Yesterday afternoon I expressed a combination of concern and confusion about Nick Cassevetes having directed The Other Woman (20th Century Fox, 4.25), which has been sold as a broad downmarket farce about three pissed-off ladies (Cameron Diaz, Leslie Mann, Kate Upton) making a sociopathic philanderer (Nikolaj Coster-Waldau) pay for his sins. It just seemed a little beneath the director of Alpha Dog, She’s So Lovely and The Notebook. What could this possibly do for his career? On top of which the views of a majority of Rotten Tomatoes Australian critics seemed to underline that the film had problems. But then I saw it last night at the Westwood premiere and realized that (a) I’d been flim-flammed by Fox marketing and (b) some of the Aussies had it wrong.


(l. to r.) The Other Woman costars Leslie Mann, Cameron Diaz, Kate Upton prior to last night’s Westwood premiere screening.

Taken last night following The Other Woman premiere at the Village.

I’m not doing cartwheels here but I am saying, no lie, that about 70% or 80% of The Other Woman isn’t half bad. I was expecting rank stupidity, but I mostly didn’t get that. It’s not a great film or on the level of Mike NicholsWorking Girl or anything, but it’s a lot better that the marketing has indicated. It’s a tiny bit spazzy and silly and predictable in spots — some of it doesn’t work as well as it could or should. But a lot of it is smart and loose and improv-y and on the low-key side. Dumb comedies sometimes piss me off, but not this one. Mann and Diaz and costar Taylor Kinney get into the spirit and carry it aloft and just about bring it home. Woman is almost never conventionally broad, certainly not in the painfully slapstick sense that I was dreading. Melissa Stack‘s screenplay is fast and clever. For me it was no-laugh-funny but a lot of people around me were chuckling and guffawing all the way through.

My humble apologies to Cassevetes and Stack and producer Julie Yorn for having said what everyone on the planet with a brain has been saying, which is who wants to see a comedy aimed at girly-girls who laugh uproariously in bars after having had two glasses of wine? The Other Woman is not a Lubitsch-level classic, but it’s considerably better than what’s been sold. I’m not saying it isn’t lame at times and that the ending isn’t disappointing but it’s not a burn.

There’s even a slight tribute to Warren Beatty‘s “Let’s face it, I fucked ’em all” meltdown scene in Shampoo at the very end when Coster-Waldau more or less confesses his shortcomings in the same vein.

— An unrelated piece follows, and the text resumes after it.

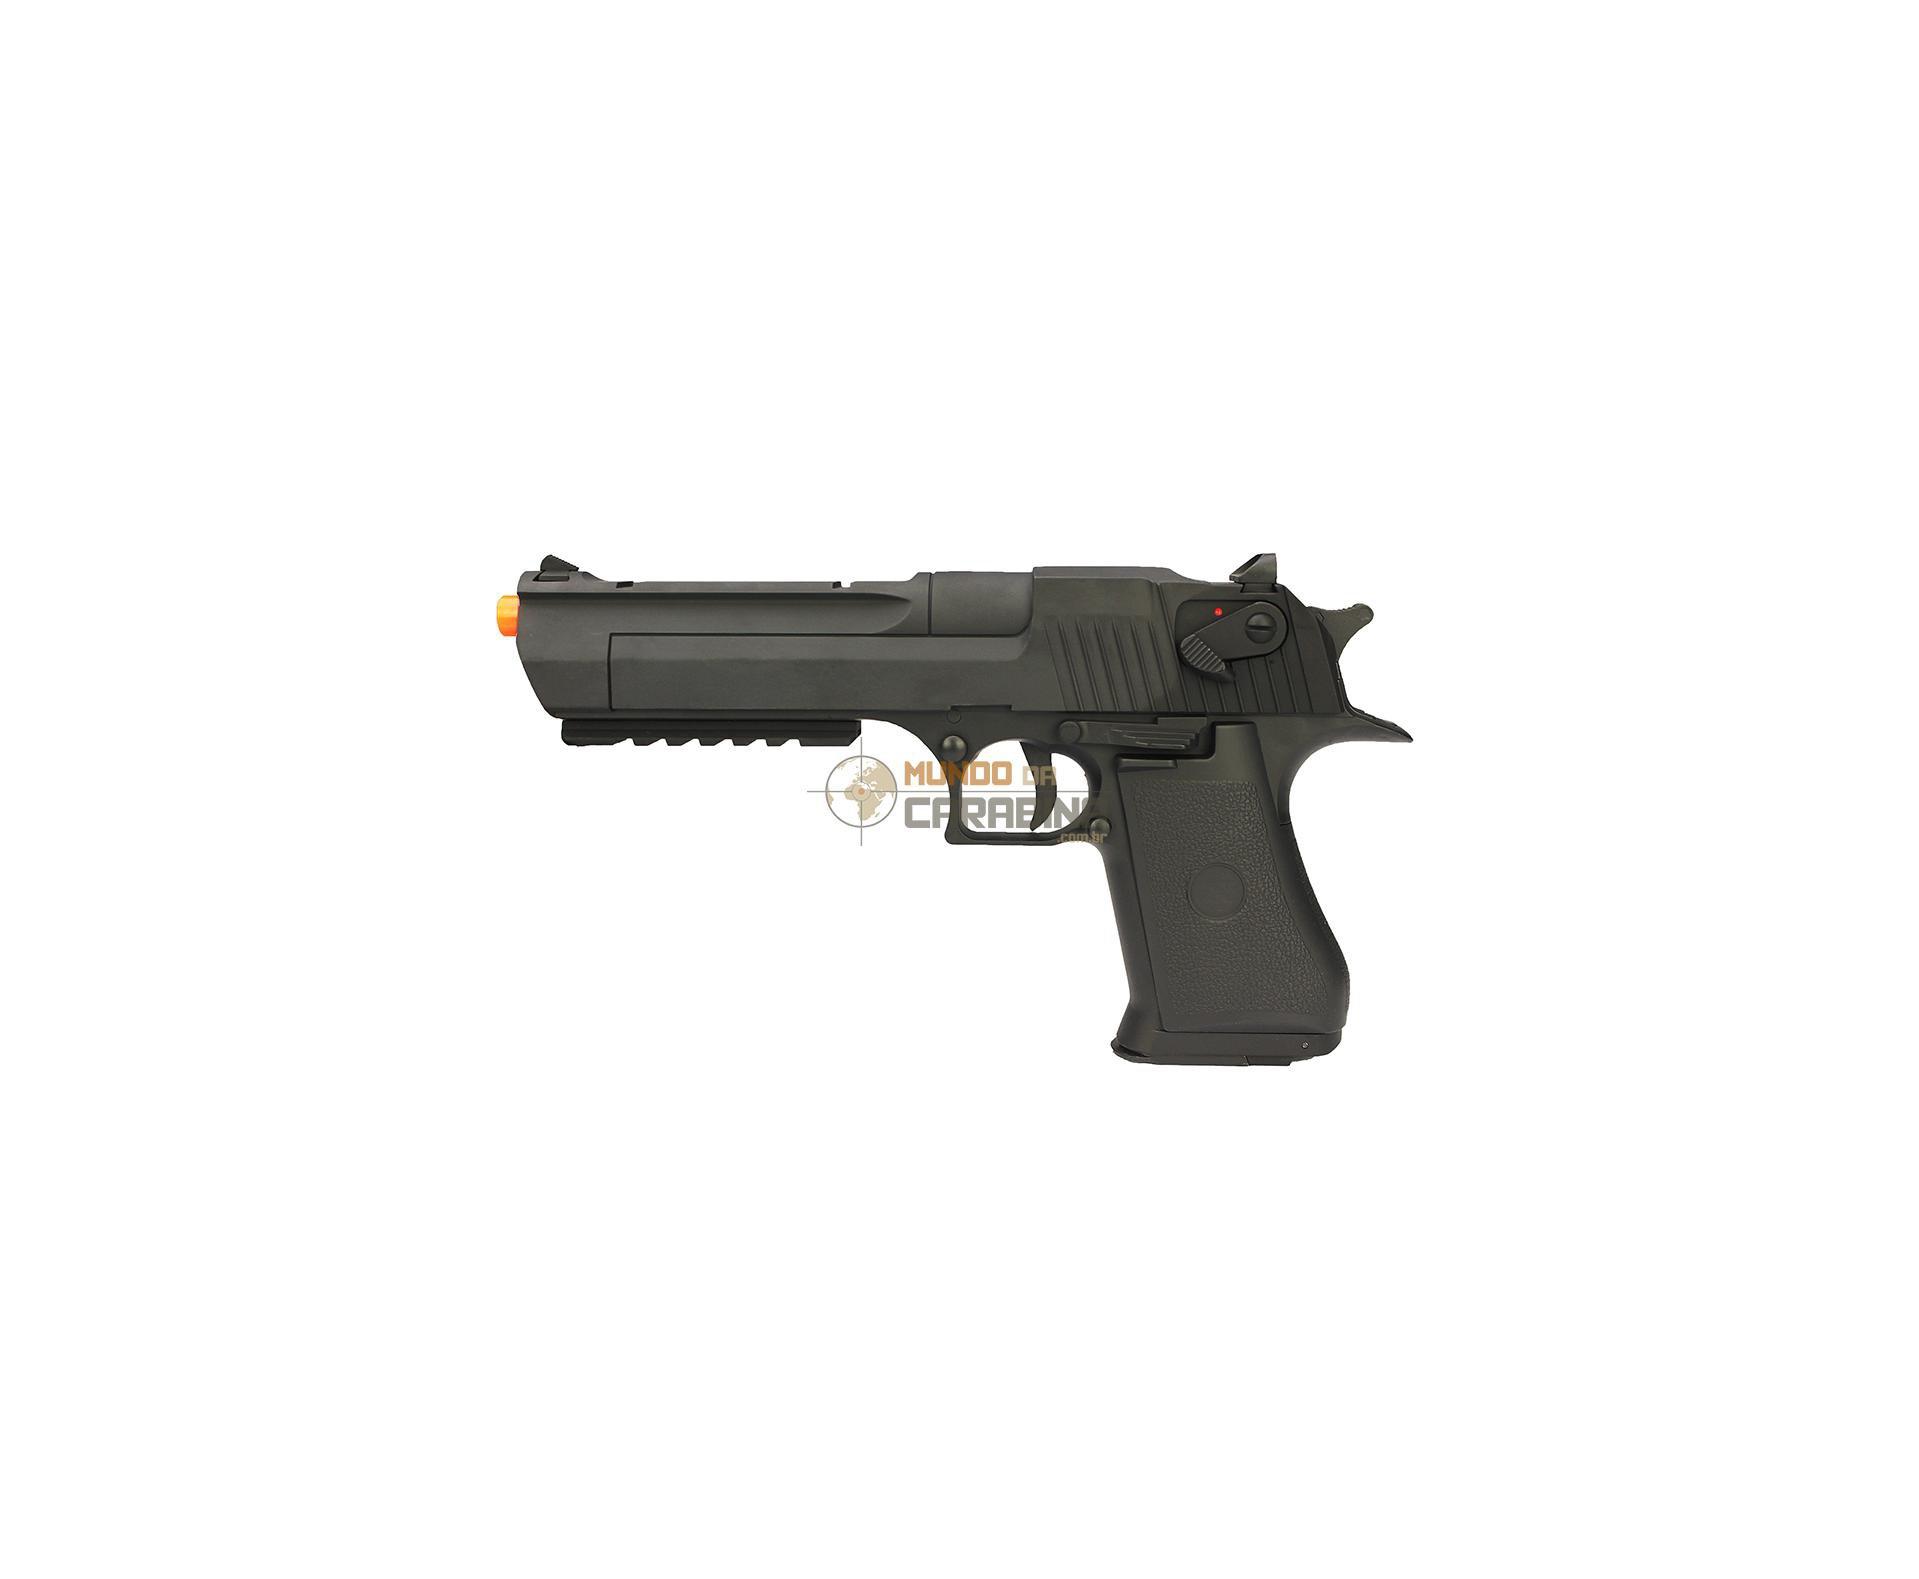 Pistola De Airsoft Desert Eagle .50 - Full Metal Elétrica- Calibre 6,0 Mm - Cyma  Cm 121 - Bivolt

Here’s how I put it to a friend at Fox this morning:

“The Other Woman trailer has been selling this fairly bright, engaging, smartly-written film as a dumb-down experience. The trailers prepare you for a downmarket boilerplate farce, and yet the film, while no classic, is much brainier and fleet of foot and unusual of attitude than you might expect. So much so that the Other Woman trailer, which apparently made itself, deserves to be regarded as one of the most cynical Big Lie trailers I’ve seen in ages.

“The Fox guys who made this thing presumably said to each other, ‘We might have trouble selling a fairly smart, adult-flavored, occasionally improvisational, unusual-in-this-and-that-respect comedy, but we CAN sell a dumb revenge comedy aimed at not-so-bright women so let’s do that!”

“I guess on a certain level I was pleased with the film because it was so unlike the dumb comedy trailer that was put together, so in an offbeat sense it prepared me. But I’m amazed at the chutzpah. ‘Fuck what this movie actually is,’ the campaign essentially declares. ‘We’re going to sell what this movie can be made to seem like if we only use the clips with the broadest farcical slapsticky elements.’

“For all I know selling The Other Woman to not-so-bright girls will result in it making a lot more money than if the trailers had sold what it actually is. But what a deranged and cynical thing it is to feel you have to try and mischaracterize and basically degrade a film is in order to sell it to the hordes.”